BusinessEntity is included on the model in FIG. 16 to indicate that the entity is the holder of the logical transaction context.
The proliferation of ExecuteXXX, AbortXXX, and ConfirmXXX methods on the BusinessActivityService class is provided to avoid a direct call from the activity to the business logic on the service. Instead, “hooks” relate items in the base class to setup transactional contexts, write log records for tracking activity state, and firing extensibility events.
The SagaManager subsystem illustrated diagrammatically in FIG. 17 and is responsible for linking activities to entities. Activities executed within the context of an entity graph form a saga. The creation of a new entity graph begins a saga. The EntityBroker class will invoke the SagaManager.Begin( ) method to create a logical transaction context. The saving or deleting of an entity graph completes a saga. The EntityBroker class will call SagaManager.Commit( ) to complete a saga. The aborting of an entity graph aborts a saga. The EntityBroker class will call SagaManager.Abort( ) to abort a saga.
The logical transaction context manages physical transactions. Business activities may sometimes need to span more than a single database, transaction. Thus, maintenance of a pool of connections with a proper lifecycle is required. The logical transaction context fulfills this need.
The ActivityManagement Subsystem: is illustrated in FIG. 18. The ActivityManagement subsystem manages the execution of activities. While the actual business logic code for the activity is part of the BusinessActivityService class, the execute method generally cannot be simply run and completed. Entity-based, Sagas require special “setups” before and after an activity is executed. This ensures that the proper transactional context is established, and also allows for any special logging needs.
With this in mind, the BusinessActivityService class actually delegates to the ActivitySubTransaction to execute an activity. In some cases, this allows a COM+ “Requires” transactional context to be setup. For entity-based saga's, the SagaSubTransaction class sets up the proper transactional context (may be SQL Server connection based or COM+ “RequiresNew”). The SagaSubTransaction class also writes log records to ensure that the proper commit and abort methods are called as the activity changes state.
Although the present invention has been described with reference to particular embodiments, workers skilled in the art will recognize that changes may be made in form and detail without departing from the spirit and scope of the invention.

Claims

1. A method of generating a computer implemented business process, comprising:

passing a logical transaction context to an activity factory to instantiate a business activity with the logical transaction context; and

executing at least one event associated with the business activity within the logical transaction context.

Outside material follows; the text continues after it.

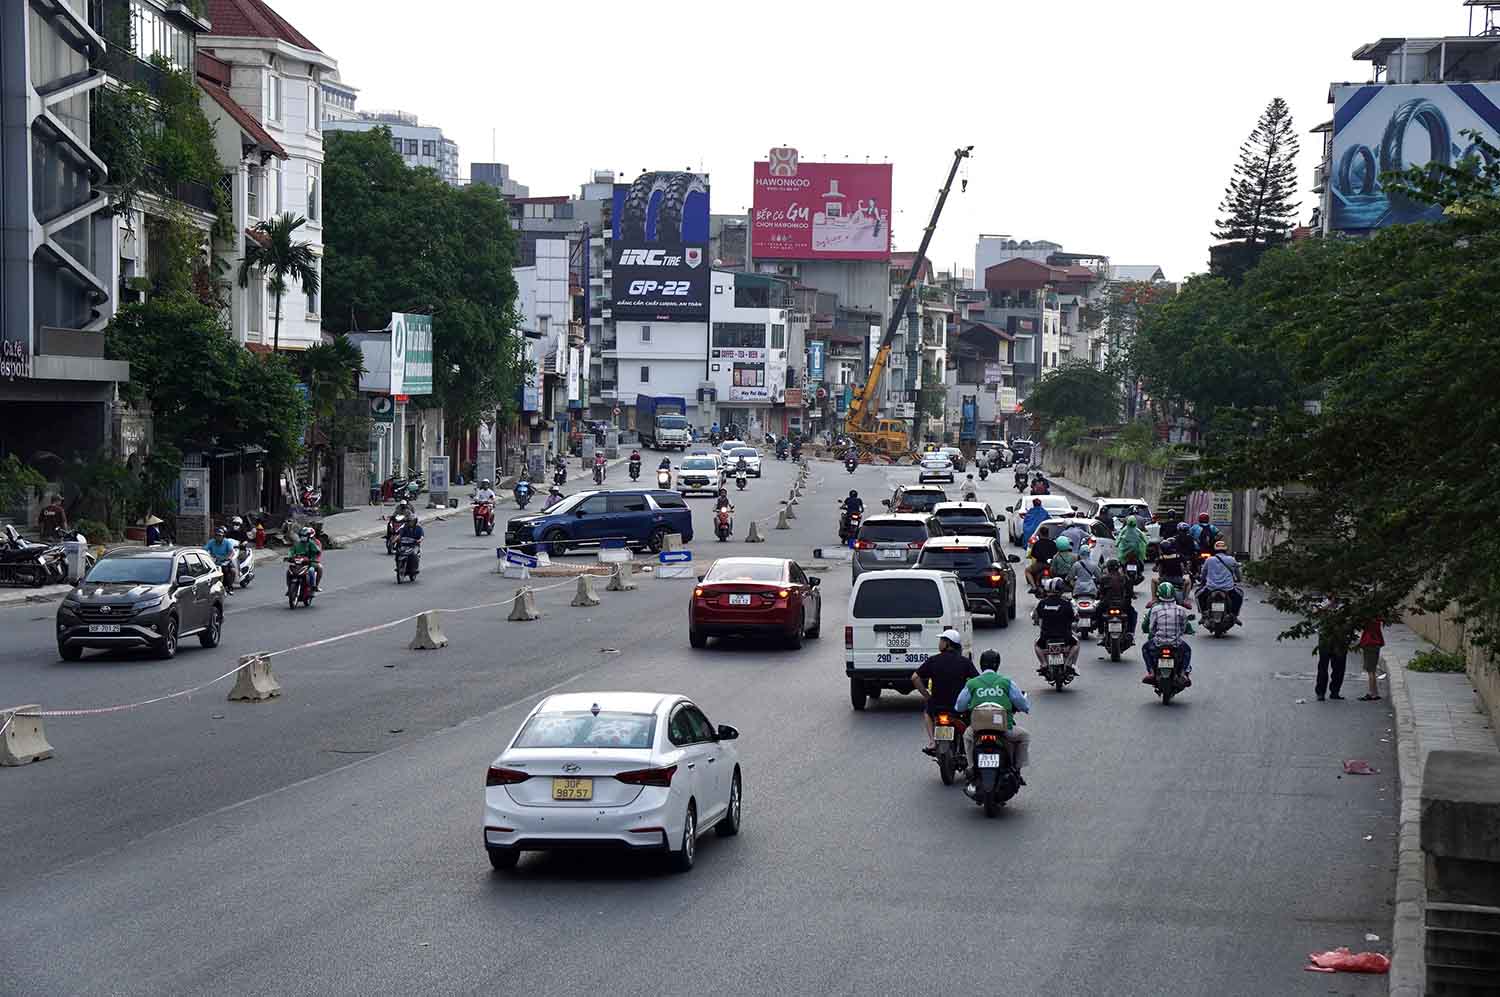 Dự án mở rộng đường Âu Cơ - Nghi Tàm (Hà Nội) vừa thông xe một phần, dài 260m, đoạn từ nút giao Xuân Diệu đến khách sạn Thắng Lợi (đường Yên Phụ), để phục vụ người dân đi lại.

2. The method of claim 1, and further comprising passing the logical transaction context to the activity factory to generate an additional business activity having the logical transaction context.

3. The method of claim 2, wherein the first and second business activities for an activity chain.

4. The method of claim 1, wherein the logical transaction context spans multiple physical transactions.

5. The method of claim 1, wherein executing the at least one event associated with the business activity occurs on a server.

6. The method of claim 1, wherein the business activity also takes an activity instance identifier.

7. The method of claim 1, wherein the business activity is instantiated by an entity.

8. The method of claim 1, wherein the business activity is instantiated by a static process.

9. The method of claim 1, wherein the business activity is instantiated by a dynamic process.

10. A data structure for managing multiple physical transactions as a logical transaction, the data structure including:

a first identifier relative to a logical group identification;

a second identifier relative to a logical transaction identification; and

wherein the data structure is passable to an activity factory to generate business activities.